第五章目标检测中K-means聚类生成Anchor box(工具)

第一种做法

在基于anchor的目标检测算法中，anchor一般都是通过人工设计的。例如，在SSD、Faster-RCNN中，设计了9个不同大小和宽高比的anchor。然而，通过人工设计的anchor存在一个弊端，就是并不能保证它们一定能很好的适合数据集，如果anchor的尺寸和目标的尺寸差异较大，则会影响模型的检测效果。

在论文YOLOv2中提到了这个问题，作者建议使用K-means聚类来代替人工设计，通过对训练集的bounding box进行聚类，自动生成一组更加适合数据集的anchor，可以使网络的检测效果更好。

“The network can learn to adjust the boxes appropriately but if we pick better priors for the network to start with we can make it easier for the network to learn to predict good detections. Instead of choosing priors by hand, we run k-means clustering on the training set bounding boxes to automatically find good priors.”

本文将解释如何使用k-means聚类来生成一组anchor。

Standard K-means

首先简单复习一下标准的K-means算法，K-means是一种简单且常用的无监督学习算法，它旨在将数据集划分成K个簇，使得相同簇之内的数据相似性高，不同簇之间的数据相似性低。

算法步骤：

初始化K个簇中心;
使用相似性度量（一般是欧氏距离），将每个样本分配给与其距离最近的簇中心；
计算每个簇中所有样本的均值，更新簇中心；
重复2、3步，直到均簇中心不再变化，或者达到了最大迭代次数。

Anchor K-means

接下来介绍如何对bounding box进行K-means。

度量选择

通常，bounding box由左上角顶点和右下角顶点表示，即 (x1,y1,x2,y2) 。在对box做聚类时，我们只需要box的宽和高作为特征，并且由于数据集中图片的大小可能不同，还需要先使用图片的宽和高对box的宽和高做归一化，即

w=\frac{w_{box}}{w_{img}}, h=\frac{h_{box}}{h_{img}}

如果直接使用标准K-means中的欧氏距离作为度量，则会有个问题，就是在聚类结果中，大box簇会比小box簇产生更大的误差（squared error）。由于我们只关心anchor与box的IOU，不关心的box的大小，因此，使用IOU作为度量更加合适。

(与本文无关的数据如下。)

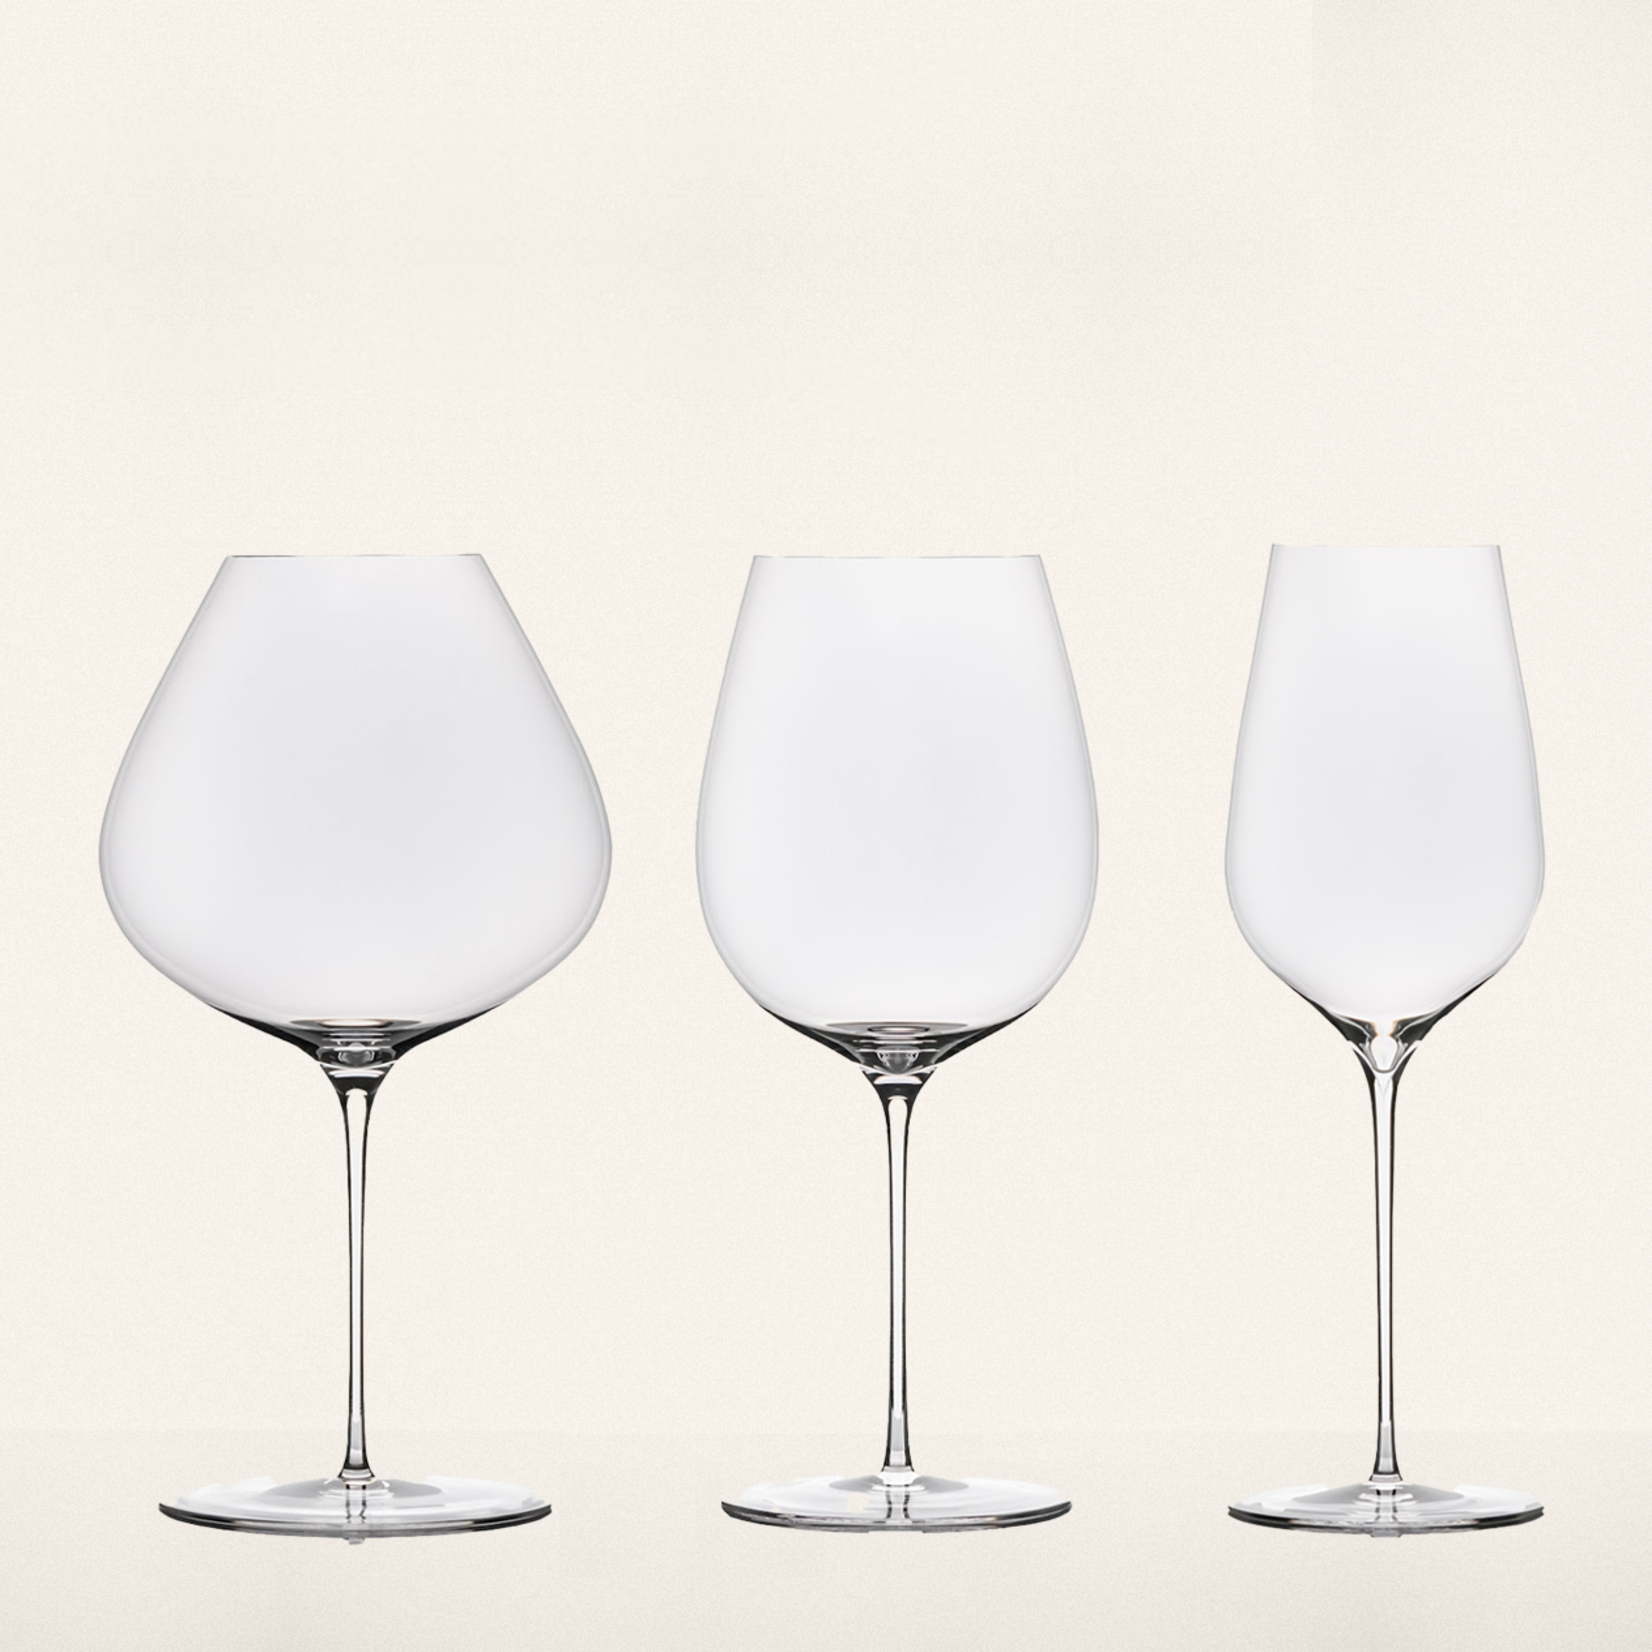 Sydonios Septentrional - set of 2 glasses

假设有 anchor=(w_{a},h_{a})，box=(w_{b},h_{b}) ，则

IOU(box,anchor)=\frac{intersection(box,anchor)}{union(box,anchor)-intersection(box,anchor)}

=\frac{min(w_{a},w_{b})\cdot min(h_{a},h_{b})}{w_{a}h_{a}+w_{b}h_{b}-min(w_{a},w_{b})\cdot min(h_{a},h_{b})}

需要说明的一点是，这里计算IOU时，不用管box的位置，我们假设所有box的左上顶点都在原点，如下图所示：

在这里插入图片描述 )

显然，IOU的取值在0到1之间，如果两个box越相似，则它们的IOU值越大。由于在习惯上，我们希望两个box越相似则它们的距离应该越近，所以最终的度量公式为：

d(box,anchor)=1-IOU(box,anchor)

由上式可知，当box与anchor完全重叠，即IOU=1时，它们之间的距离为0。

步骤

对box进行K-means的步骤为：

随机选取K个box作为初始anchor；
使用IOU度量，将每个box分配给与其距离最近的anchor；
计算每个簇中所有box宽和高的均值，更新anchor；
重复2、3步，直到anchor不再变化，或者达到了最大迭代次数。

与标准K-means的步骤基本一致，主要的不同是第2步中使用的度量是上面定义的 ( , ℎ ) ，这里anchor作为簇的中心。

相关代码

def iou(boxes, anchors):
    """
    Calculate the IOU between boxes and anchors.

    :param boxes: 2-d array, shape(n, 2)
    :param anchors: 2-d array, shape(k, 2)
    :return: 2-d array, shape(n, k)
    """
    # Calculate the intersection,
    # the new dimension are added to construct shape (n, 1) and shape (1, k),
    # so we can get (n, k) shape result by numpy broadcast
    w_min = np.minimum(boxes[:, 0, np.newaxis], anchors[np.newaxis, :, 0])
    h_min = np.minimum(boxes[:, 1, np.newaxis], anchors[np.newaxis, :, 1])
    inter = w_min * h_min
       
    # Calculate the union
    box_area = boxes[:, 0] * boxes[:, 1]
    anchor_area = anchors[:, 0] * anchors[:, 1]
    union = box_area[:, np.newaxis] + anchor_area[np.newaxis]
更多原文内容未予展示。